While investigating a security breach that may have affected over 2,200 of its stores and exposed 56 million credit card accounts, Home Depot says it has now learned that approximately 53 million of its customers' email accounts may have been compromised during the intrusion.

Home Depot has already begun notifying customers whose email accounts the company believes were compromised by the security breach, though it says it doesn't believe passwords or other sensitive information was included in the massive batch of stolen addresses.

While Home Depot announced the potentially exposed cache of email accounts on Nov. 6, it said it learned about them during its weeks of investigations into the security breach that exposed 56 million unique sequences of credit card numbers to hackers.

Despite finding no evidence that email account passwords fell into the hands of hackers, Home Depot is warning its customers to be on the lookout for phishing attempts and other malicious attacks on their inboxes.

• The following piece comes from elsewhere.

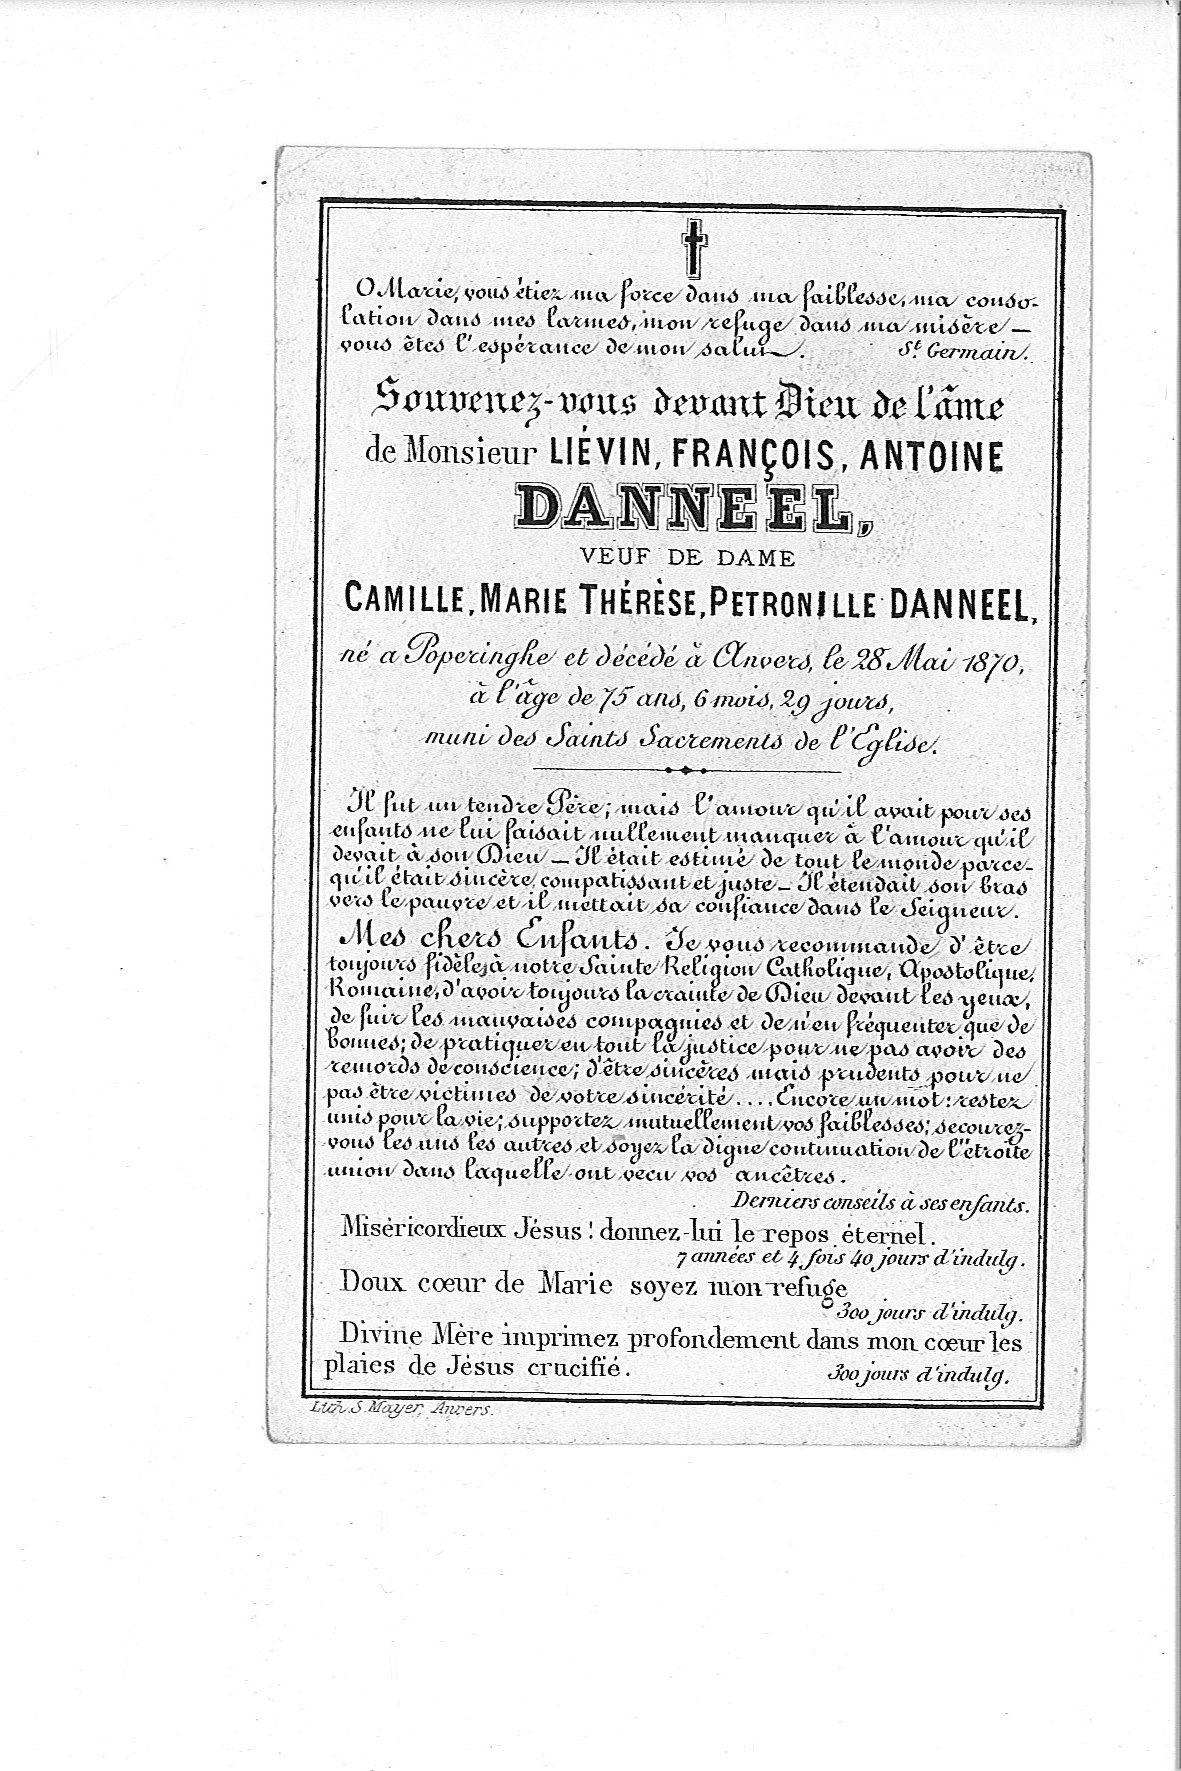 lievin-francois-antoine(1870)20090312114803_00038.jpg

There's no need to change or abandon email addresses, though vigilance will be required, says Home Depot.

"Even if you do not receive an email notification from us, it's safe to assume your email address could have been stolen," stated Home Depot in a release (PDF).

Home Depot first discovered the attack on its customers on Sept. 2, after being alerted by financial institutions and law enforcement agencies. The company has since learned that the intrusions began back as far as April 2014, affecting customers who used credit and debit cards at any of the company's U.S. and Canadian stores during that time period.

To avoid falling prey to a similar attack, Home Depot has begun rolling out the long-recommended Europay MasterCard Visa (EMV) "chip and PIN" method of encryption. The EMV chip-and-PIN method of smart card payments has already begun to be implemented in U.S. stores and the company expects to roll out the encryption at registers in Canadian locations in 2015, according to Home Depot.

Credit card companies are preparing to shift fraud liability over to merchants in the U.S. in October 2015. The date is being called "EMV D-Day," but it appears many companies on both sides aren't ready for the changeover, according to The Members Group's Brandon Kuehl, senior product manager at the Des Moines, Iowa, payments firm.

"While some have completed their credit card implementations and are starting to think through the same on their debit portfolios, others have not even outlined a timetable for migration," says Kuehl of credit unions.